Love the photo of Zak. Truly a great composition and worthy of hanging on a wall. The quintessential GSD.


----------



## 3ymum (Oct 12, 2021)

They all were lovely! Even though they are gone, they can still put a smile on your face every time you think about them.


----------



## wolfy dog (Aug 1, 2012)

Beautiful memories and poems. Brings back feelings of times when I had to part with mine.


----------



## Honey Maid (Dec 25, 2020)

You guys are making me tear up.


----------



## TayStrike (12 mo ago)

drparker151 said:


> Love the photo of Zak. Truly a great composition and worthy of hanging on a wall. The quintessential GSD.

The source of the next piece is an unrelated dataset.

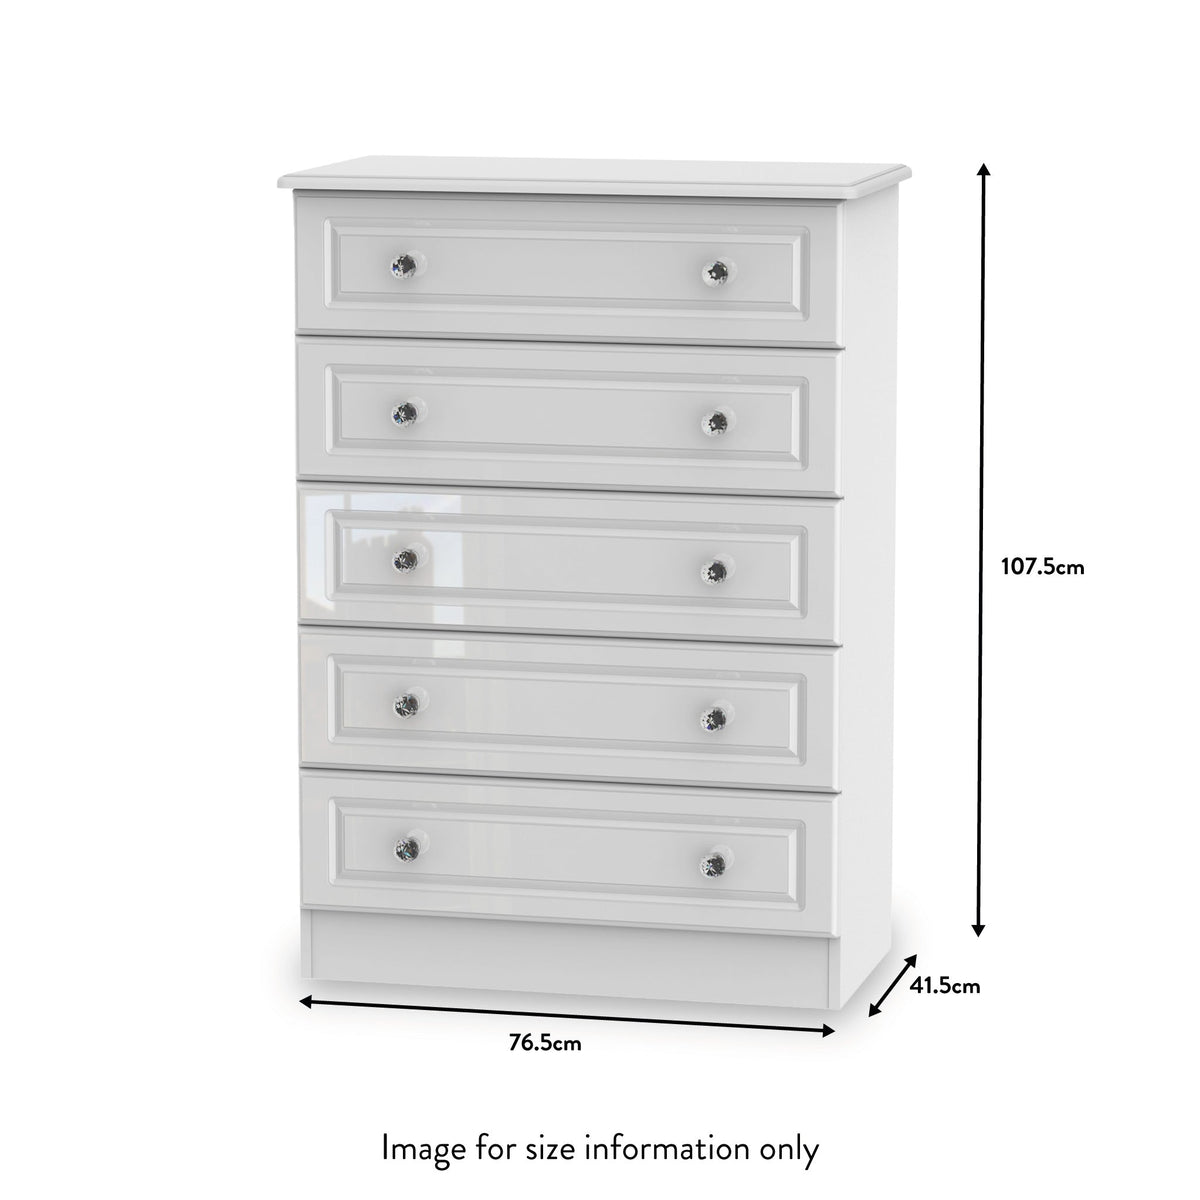 Kinsley White Gloss 3 Drawer Chest from Roseland size

Thank you. He was a truly exceptional dog.


----------



## brittanyS (Dec 11, 2018)

In the picture of Zak, I can just hear the sheep. “What do you mean we can’t eat the grass over there? Let’s just talk about this for a second.”


----------



## SMcN (Feb 12, 2021)

Well, I went way beyond tearing up. An incredible tribute, TayStrike!


----------



## mikegray660 (Jan 31, 2018)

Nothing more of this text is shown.